Finally (at the end of my super-long comment), this popped up in my google reader right before yours:
http://jkameroncarter.com/?p=1003
Yay, for chocolate in Lent.

Blue Eyes said...

I don't think you're the only one who feels like this! I am a relatively skinny person yet I am known for eating everything - especially cake - at work so whenever I go to the staff room now I deliberately try to have a banana or not eat anything, rather than have people at work comment on me eating loads of cake again.

I went out for dinner with a guy (I didn't think it was a date, but it was kind of date like) and he does modelling and as a result is pretty slim and I asked him if he liked spare ribs and he said, 'it depends how fatty they are' and he didn't want to eat all that much of the rice (we were having Chinese) because it was 'too starchy'. I don't usually worry very much about what I'm eating - especially when I'm eating in a restaurant because I don't do that very often - but the way he was speaking about food and not eating all that much made me feel like I couldn't eat that much because then he might think badly of me. How ridiculous is that?! I was genuinely concerned that he would think I ate too much.

Another time, when I was about 19 and temping over the summer in an office, they had biscuits and cakes quite a lot and I was probably slimmer then than I am now (probably like a size 8/10 UK) and the CEO of the company (who was very slim himself - too slim for a guy IMO!) would make comments saying that I would never get a man if I ate all those cookies. Seriously, who does that?! And he made me feel really guilty and insecure when eating at work. Which again is ridiculous. The weird thing was that he wasn't a nasty guy, we usually had a laugh and he was always nice to me. I guess he thought he was being funny when he made 'you'll never get married if you eat all those' kind of jokes?!

I don't think men really get it - sorry if that's stereotyping and making huge generalisations, but I don't know any women who would make comments like that or assume that they could openly talk or make jokes about my weight. Only guys think they can do that!

Don't let people make you feel bad! They're not worth it!

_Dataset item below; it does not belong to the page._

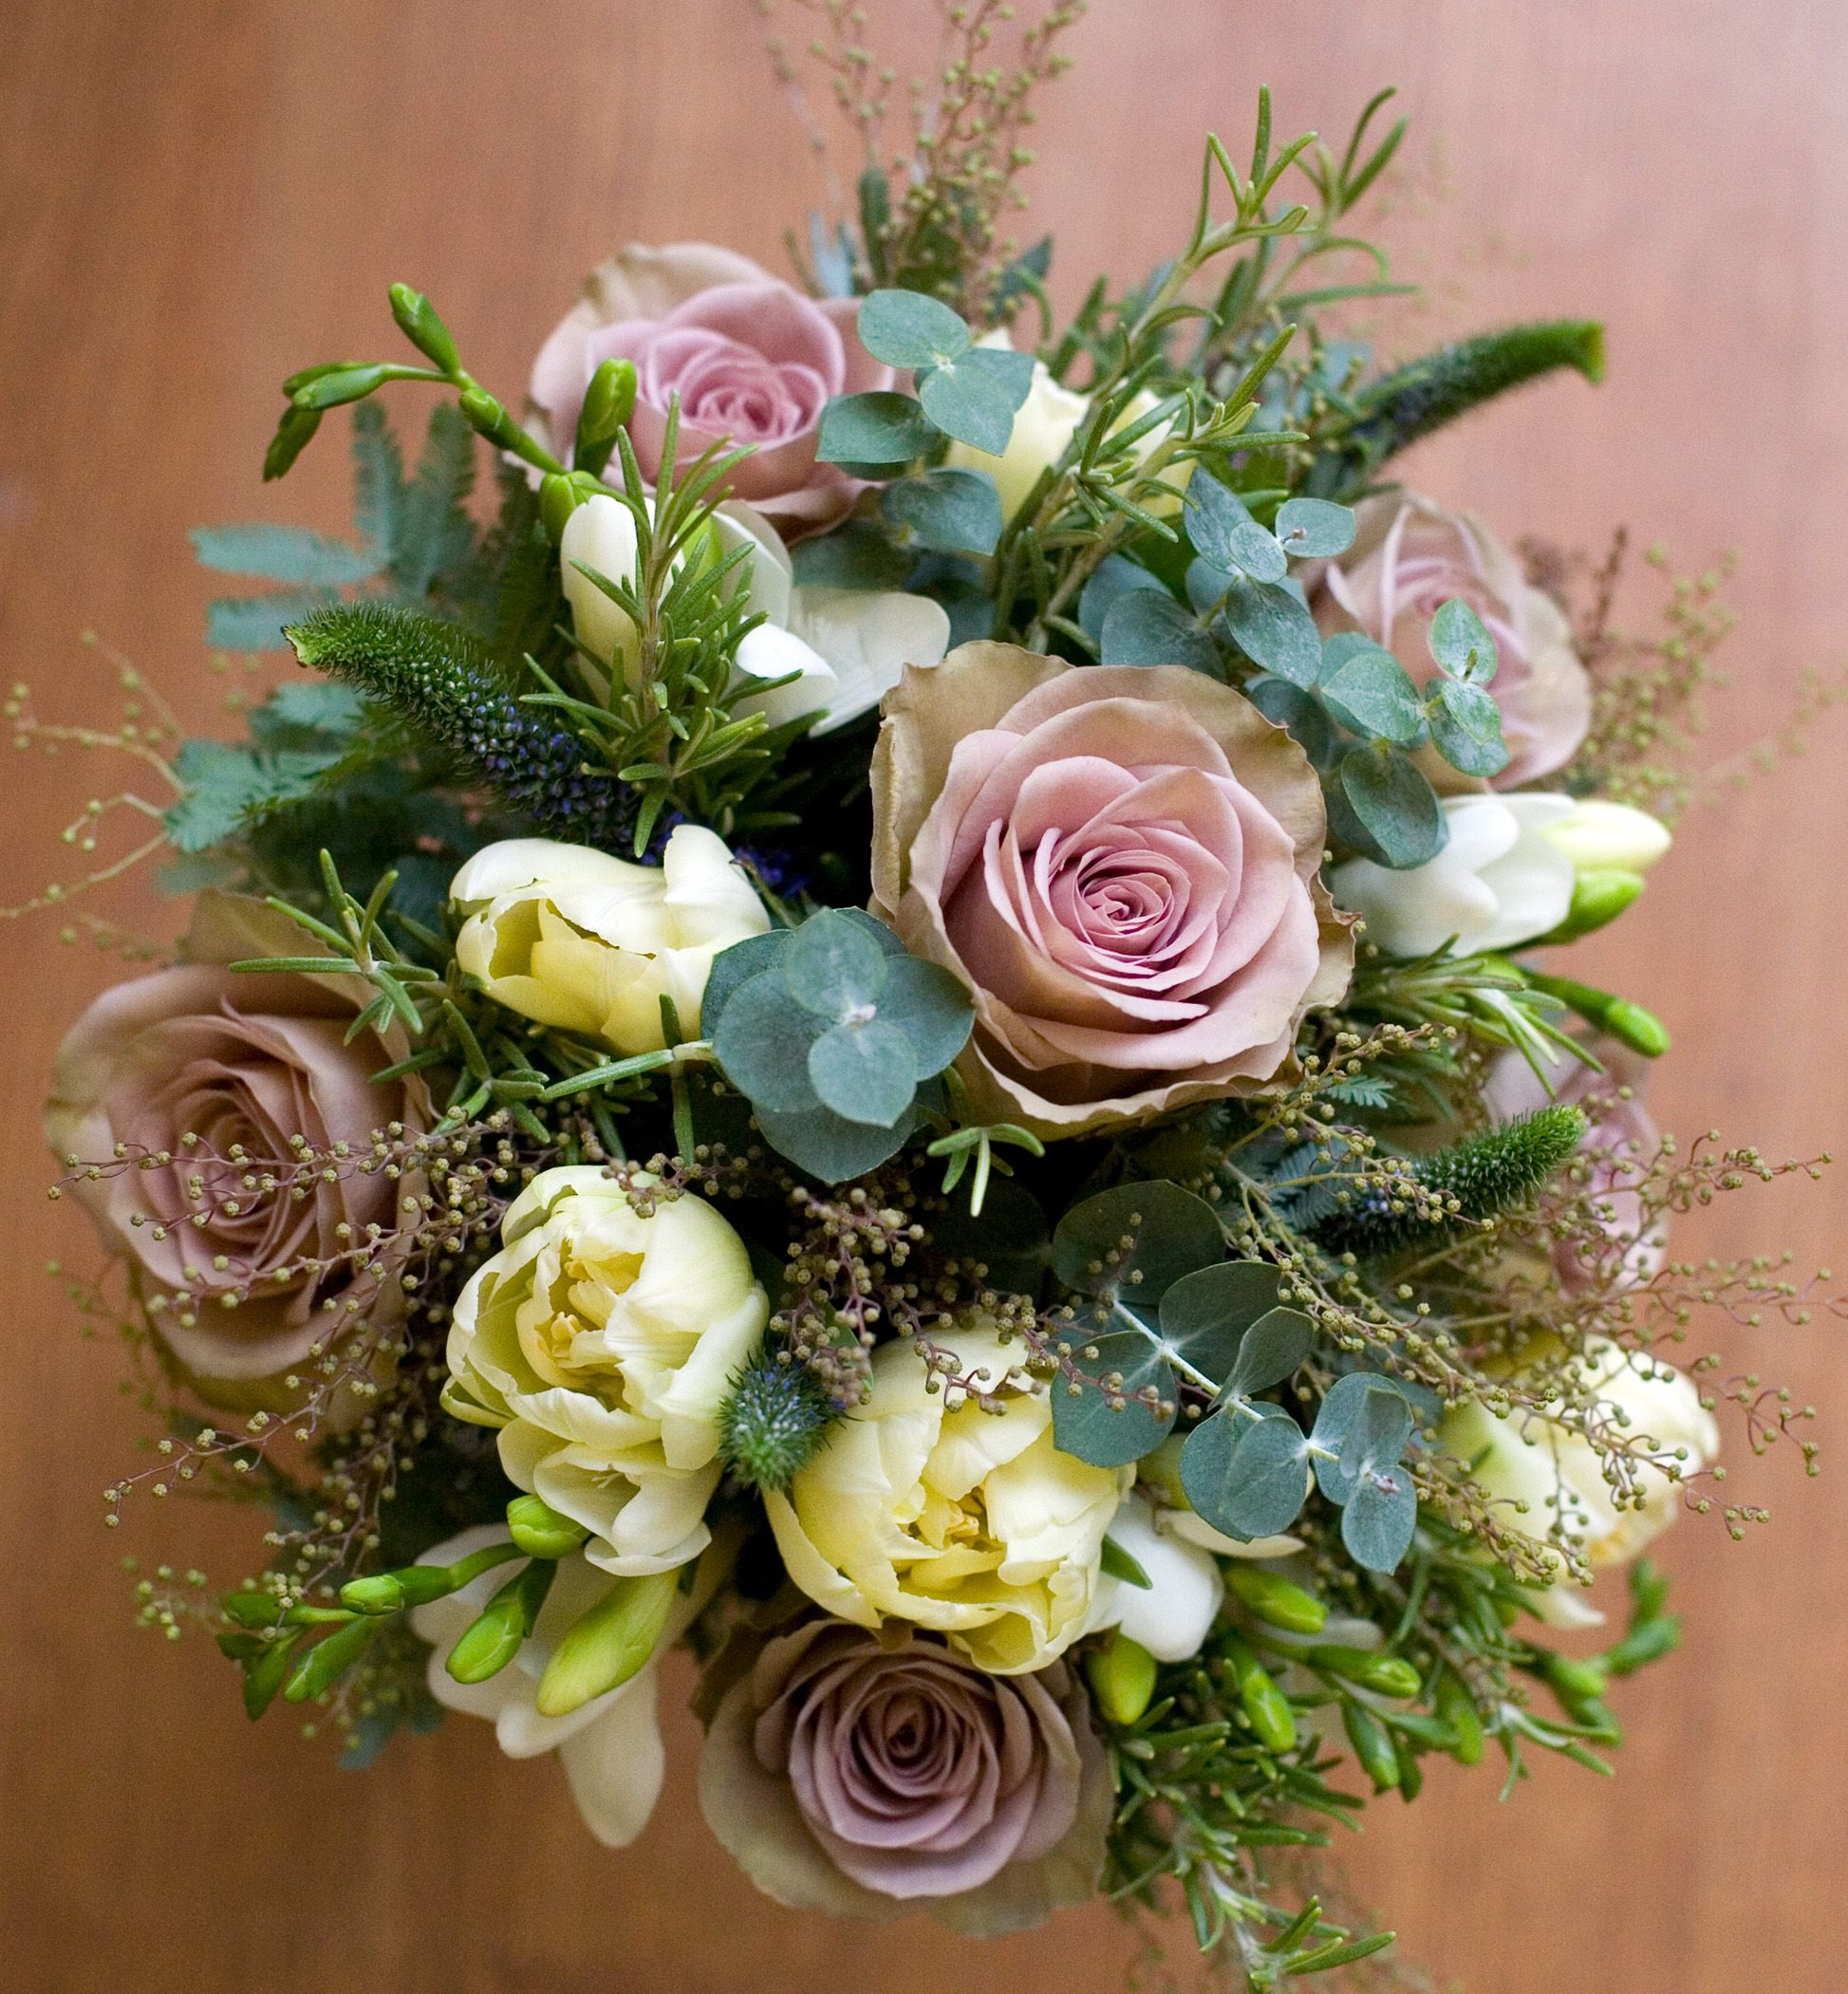 Vanillarose.co.uk Hand Tied Bridal Bouquet With Amnesia

Remember: Those who mind don't matter and those who matter don't mind.

Blue Eyes xx

Fysh Phoenix-- said...

This is a real societal issue but a multi-faceted one. I could get going on a several tangents but here is one: it would probably be wise to separate the image-management concerns from the health concerns, though that happens too seldom in our culture.
My sister is taking an undergraduate course in health education and she wanted to see what my BMI was. I measured "not over-weight" but the creepy part was that the under-weight mark was 35 lbs lighter. WHAT?!? I am a slender guy; how in the world could it be healthy for me to be thirty lbs lighter?
...if anything, I want more muscle weight... on my chest. Yup. Back to image-management~ I feel like I am supposed to be beefier, sometimes...
...but no one ever points it out to me, so I totally think the whole business is sexist.